Funny really, Joe “Droopy Dog” Lieberman still is living back in 2004 when Michael Moore was a reliable foil to Republican crowds.
(Last night, during his primetime speech from the podium at the Republican National Convention, Senator Joe Lieberman made the following statement: “… if John McCain is just another partisan Republican, then I’m Michael Moore’s favorite Democrat. And I’m not. And I think you know that I’m not.“)
John McCain IS just another partisan Republican — so that must mean you ARE my favorite Democrat!
But how can you be my favorite Democrat when you are no longer a Democrat? This is very confusing. I was in the middle of taking out the garbage and, all of a sudden, there you were, trash-talking me in front of thousands of cheering (mostly) white people on TV.
What is it with you and your Republican friends always bringing me up? Can’t you stop thinking about me? It’s starting to sound like a fetish! Stop it!

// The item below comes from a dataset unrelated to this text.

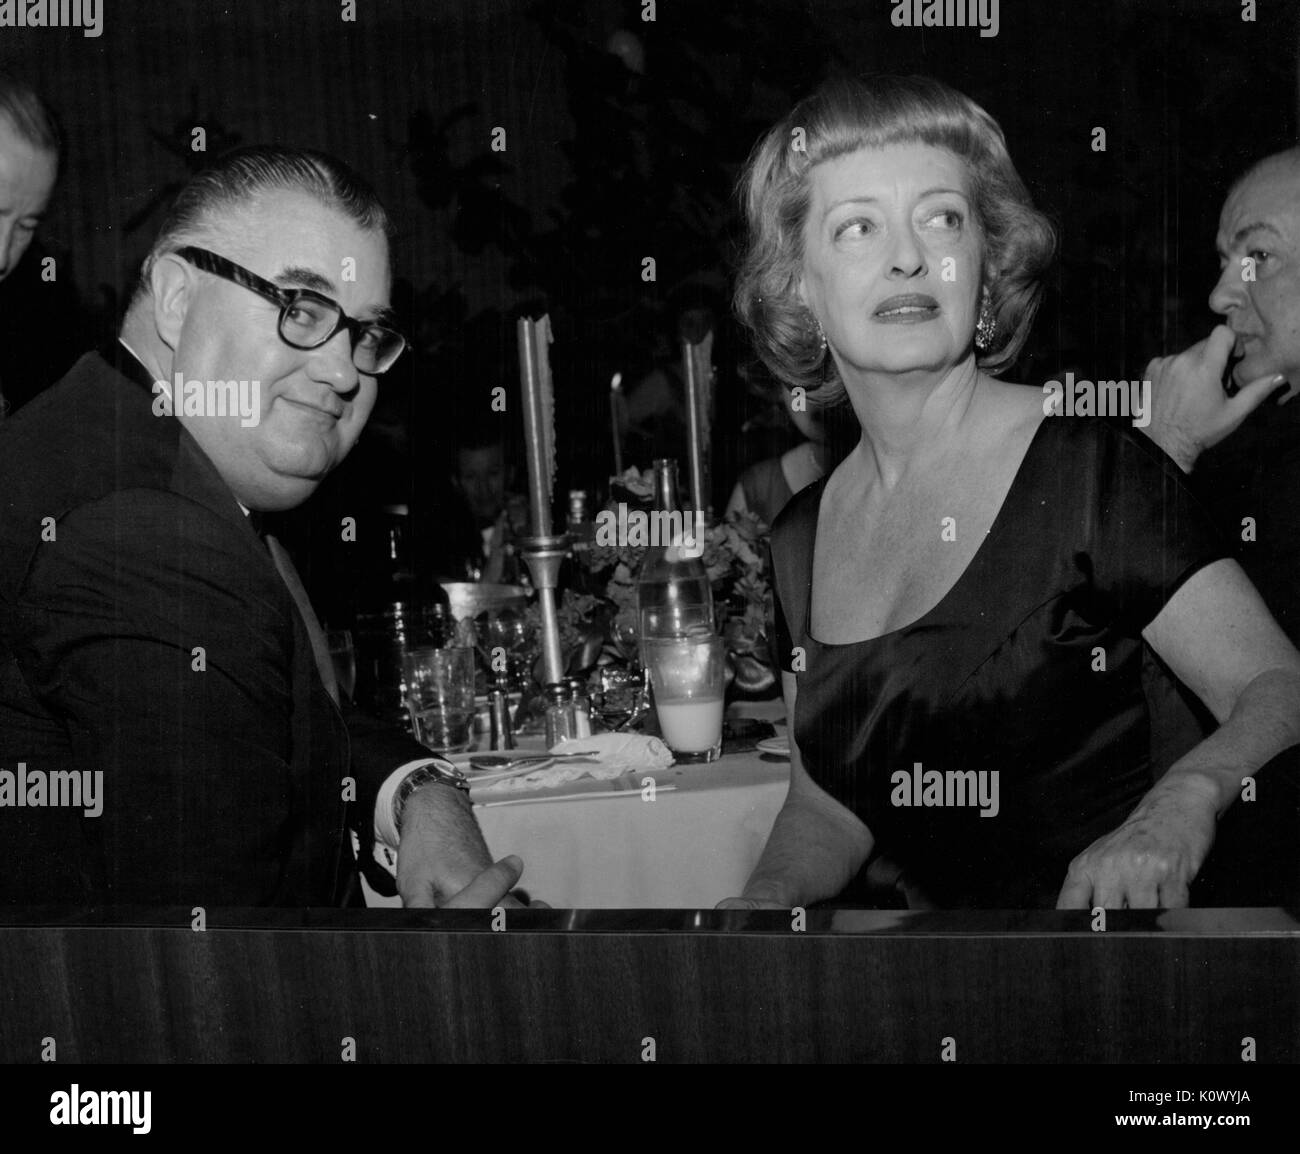 Bette Davis, sitzen bei einem Bankett Tisch mit einem nicht identifizierten Mann, um in ihren Stuhl und schaut, um ihr Recht, in einem dunklen Zimmer bei einem Abendessen, Hollywood, Kalifornien, Hollywood, Kalifornien, 1950. Photo credit Smith Collection/Gado/Getty Images. Stockfoto
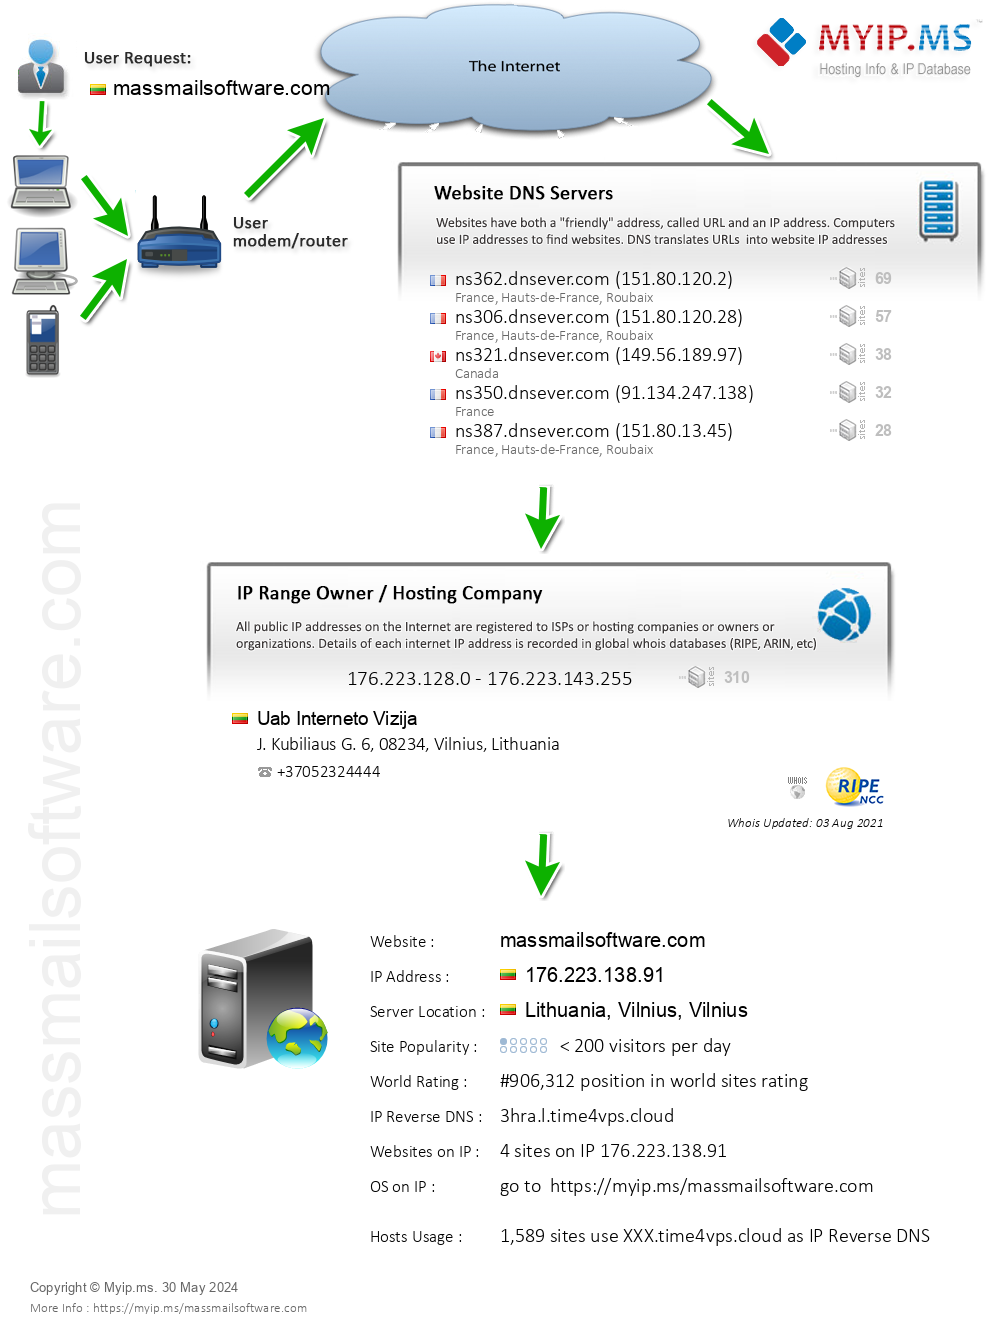 Massmailsoftware.com - Website Hosting Visual IP Diagram

Four years ago at the last Republican Convention, John McCain, in his convention speech, also trashed me, calling me a “disingenuous filmmaker” because I called all of you out in “Fahrenheit 9/11.” The crowd at Madison Square Garden went berserk. McCain didn’t know I was sitting above him in the press box, and the crowd wouldn’t stop screaming at me, so I flashed them the “Big L” loser sign and, well, nine of New York’s finest had to help me get out of there alive.
With all the problems facing the world, why is valuable time being wasted reviewing a movie and attacking a filmmaker? And now you, Joe, tonight. Do you think you’re energizing the “base” by attacking me? Better take a look at the scoreboard. While your side has spent years trying to make me the boogeyman, let’s see how it’s worked:
[From MichaelMoore.com : Michael Moore Responds to Joe Lieberman]
Lieberman slipped and called himself a Democrat a few times last night, but nobody believed Whiny Joe.
Mr. Moore continues:
Putting me in your convention speeches, attacking me nonstop on talk radio and Fox News — and thinking that this helps you — shows just how out of touch you all are.
Two-thirds of the country agree with my position on the war, two-thirds of the country agree with my position on a single-payer universal health care system, two-thirds believe in some form of gun control — name the documentary, pick the issue, and the American public agrees with Michael Moore. So get over me, will ya? You’re only hurting yourself. And I’ve got to finish taking out the garbage.
“… if John McCain is just another partisan Republican, then I’m Michael Moore’s favorite Democrat. And I’m not. And I think you know that I’m not.” Now click your heels together and say, “There’s no place like home on the Republican minority side of the aisle.”